**Task data**
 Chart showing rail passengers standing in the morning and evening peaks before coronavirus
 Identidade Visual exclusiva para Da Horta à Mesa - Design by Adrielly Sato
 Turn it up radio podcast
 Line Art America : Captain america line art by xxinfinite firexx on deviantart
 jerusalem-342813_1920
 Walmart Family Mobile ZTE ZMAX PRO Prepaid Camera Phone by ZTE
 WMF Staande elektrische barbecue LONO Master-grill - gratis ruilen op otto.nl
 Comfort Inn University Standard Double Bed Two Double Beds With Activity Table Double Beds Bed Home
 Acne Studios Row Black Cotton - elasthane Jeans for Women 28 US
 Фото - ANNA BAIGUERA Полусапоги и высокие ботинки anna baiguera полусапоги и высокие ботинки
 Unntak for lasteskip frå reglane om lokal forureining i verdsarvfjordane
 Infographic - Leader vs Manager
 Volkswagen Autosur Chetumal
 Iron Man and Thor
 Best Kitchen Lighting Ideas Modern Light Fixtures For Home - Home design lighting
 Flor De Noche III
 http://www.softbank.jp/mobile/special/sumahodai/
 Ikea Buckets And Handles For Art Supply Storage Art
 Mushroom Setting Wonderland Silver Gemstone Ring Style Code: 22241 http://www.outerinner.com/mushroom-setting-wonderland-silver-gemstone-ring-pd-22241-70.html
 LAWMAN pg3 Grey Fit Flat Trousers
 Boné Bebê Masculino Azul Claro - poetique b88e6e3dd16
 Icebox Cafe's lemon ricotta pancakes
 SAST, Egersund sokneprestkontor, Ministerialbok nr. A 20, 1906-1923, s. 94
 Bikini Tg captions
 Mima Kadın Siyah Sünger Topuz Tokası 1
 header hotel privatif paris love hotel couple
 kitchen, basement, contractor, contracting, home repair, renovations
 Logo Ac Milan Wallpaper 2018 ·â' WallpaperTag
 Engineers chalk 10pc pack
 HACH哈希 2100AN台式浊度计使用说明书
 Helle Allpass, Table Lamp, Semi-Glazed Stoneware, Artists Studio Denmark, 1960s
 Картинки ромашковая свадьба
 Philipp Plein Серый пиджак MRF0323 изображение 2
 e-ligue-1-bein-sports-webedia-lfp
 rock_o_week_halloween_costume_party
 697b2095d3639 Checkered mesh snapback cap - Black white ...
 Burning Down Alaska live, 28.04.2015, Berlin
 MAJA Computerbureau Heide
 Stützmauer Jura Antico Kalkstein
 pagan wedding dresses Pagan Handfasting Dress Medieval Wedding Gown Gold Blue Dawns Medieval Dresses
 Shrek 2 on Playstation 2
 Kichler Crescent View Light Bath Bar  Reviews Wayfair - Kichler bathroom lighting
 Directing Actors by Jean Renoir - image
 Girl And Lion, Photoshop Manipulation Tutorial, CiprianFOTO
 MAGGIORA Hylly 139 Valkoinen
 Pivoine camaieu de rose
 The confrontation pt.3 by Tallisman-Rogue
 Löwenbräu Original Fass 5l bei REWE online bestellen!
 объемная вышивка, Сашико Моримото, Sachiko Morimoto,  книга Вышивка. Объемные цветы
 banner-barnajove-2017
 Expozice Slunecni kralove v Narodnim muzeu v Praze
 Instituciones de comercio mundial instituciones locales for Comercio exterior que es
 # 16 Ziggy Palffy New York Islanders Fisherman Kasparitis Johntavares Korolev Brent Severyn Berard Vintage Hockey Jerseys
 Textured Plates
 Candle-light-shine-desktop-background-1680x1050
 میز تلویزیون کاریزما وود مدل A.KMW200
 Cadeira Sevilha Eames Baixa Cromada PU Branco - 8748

**What you will do**
Write down, word for word, the lines above from the one containing "http://www.softbank.jp/mobile/special/sumahodai/" through the one containing "The confrontation pt.3 by Tallisman-Rogue", both ends included.

**The completed task**
 http://www.softbank.jp/mobile/special/sumahodai/
 Ikea Buckets And Handles For Art Supply Storage Art
 Mushroom Setting Wonderland Silver Gemstone Ring Style Code: 22241 http://www.outerinner.com/mushroom-setting-wonderland-silver-gemstone-ring-pd-22241-70.html
 LAWMAN pg3 Grey Fit Flat Trousers
 Boné Bebê Masculino Azul Claro - poetique b88e6e3dd16
 Icebox Cafe's lemon ricotta pancakes
 SAST, Egersund sokneprestkontor, Ministerialbok nr. A 20, 1906-1923, s. 94
 Bikini Tg captions
 Mima Kadın Siyah Sünger Topuz Tokası 1
 header hotel privatif paris love hotel couple
 kitchen, basement, contractor, contracting, home repair, renovations
 Logo Ac Milan Wallpaper 2018 ·â' WallpaperTag
 Engineers chalk 10pc pack
 HACH哈希 2100AN台式浊度计使用说明书
 Helle Allpass, Table Lamp, Semi-Glazed Stoneware, Artists Studio Denmark, 1960s
 Картинки ромашковая свадьба
 Philipp Plein Серый пиджак MRF0323 изображение 2
 e-ligue-1-bein-sports-webedia-lfp
 rock_o_week_halloween_costume_party
 697b2095d3639 Checkered mesh snapback cap - Black white ...
 Burning Down Alaska live, 28.04.2015, Berlin
 MAJA Computerbureau Heide
 Stützmauer Jura Antico Kalkstein
 pagan wedding dresses Pagan Handfasting Dress Medieval Wedding Gown Gold Blue Dawns Medieval Dresses
 Shrek 2 on Playstation 2
 Kichler Crescent View Light Bath Bar  Reviews Wayfair - Kichler bathroom lighting
 Directing Actors by Jean Renoir - image
 Girl And Lion, Photoshop Manipulation Tutorial, CiprianFOTO
 MAGGIORA Hylly 139 Valkoinen
 Pivoine camaieu de rose
 The confrontation pt.3 by Tallisman-Rogue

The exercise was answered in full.